James Mahon, Church House CEO delivers his regular quarterly update on global economics & markets

Presidents Trump and Xi Jinping have declared a truce in their trade war.  There are to be no further tariffs for the time being and their negotiators are to carry on talking; I wonder if this is to be the norm as we head towards the US Presidential Election next year.  There is no doubting that the World’s superpower is feeling unsettled by the appearance of a rival.

It appears that Christine Lagarde is to replace Mario Draghi as President of the European Central Bank (ECB), not an easy job to take on with a stuttering European economy and interest rates at extreme low levels.  Let’s hope that her extensive political skill and connections will assist her in persuading recalcitrant European governments that it is time for them to take action to reform their institutions and not leave all the work to the central bank.

Meanwhile, America’s central bank, the Federal Reserve, is under attack from President Trump for their interest rate policies; using colourful language he has been relentlessly criticising Jerome Powell, the Fed’s Chairman.  Completely inappropriate behaviour; central bank independence is important.  Over here, Mark Carney will leave his job as Governor of the Bank of England in January next year; a replacement has yet to be named.

A truce in the trade war has combined with the prospect of lower US interest rates to bolster markets.  It seems clear that the Federal Reserve will lower rates this month, though we wait to see by how much.  It is rather less clear how necessary this is. 

By the time this returns from the printers we should have a new Prime Minister in  10 Downing Street.  Sadly this does mean that the media can re-start the Brexit howls.  Sterling is sinking, apparently taking the view that the chances of a ‘no-deal’ Brexit are increasing with the candidates’ rhetoric, though the arithmetic of the Commons still makes this unlikely, and unfortunate for those heading overseas for their holidays.  A no-deal Brexit would undoubtedly be difficult for our economy but I fear that a Corbyn administration would be worse, and do longer-lasting damage.

Nothing has really changed since the last quarter when we presented the conundrum of a contrasting valuation between rock-bottom interest rates (high prices for fixed interest securities) and the pricing of ordinary shares.  Interest rates have edged ever lower while share prices have risen again.  The optimistic view of this is that interest rates are not signalling an imminent recession, rather that they are adjusting to rates being lower for a longer period and, while the world economy will slow this year, it will not stall.

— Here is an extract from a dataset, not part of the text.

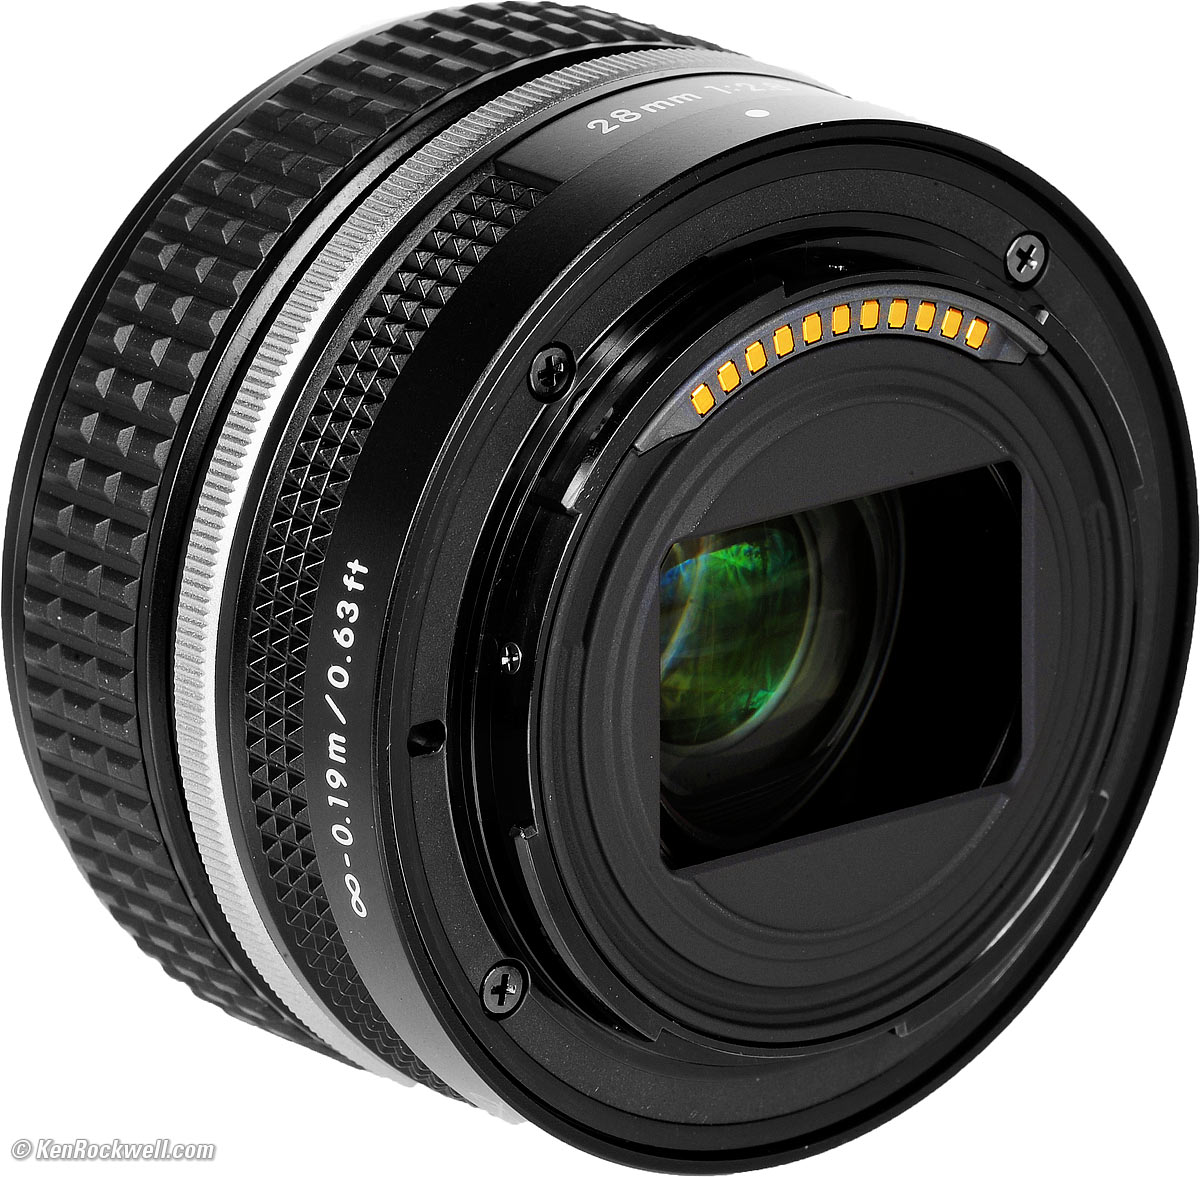 Nikon Z 28mm f/2.8 SE Special Edition Review & Sample Images by

That view makes more sense of buoyant stock markets given their higher (earnings and) dividend income prospects.  I hope it prevails.

Important information

The above originally featured in our Summer 2019 Private Client Quarterly Review so is for information purposes only and does not constitute advice or a personal recommendation. The value of investments and the income you get from them may fall as well as rise and there is no certainty that you will get back the amount of your original investment.  You should also be aware that past performance may not be a reliable guide to future performance.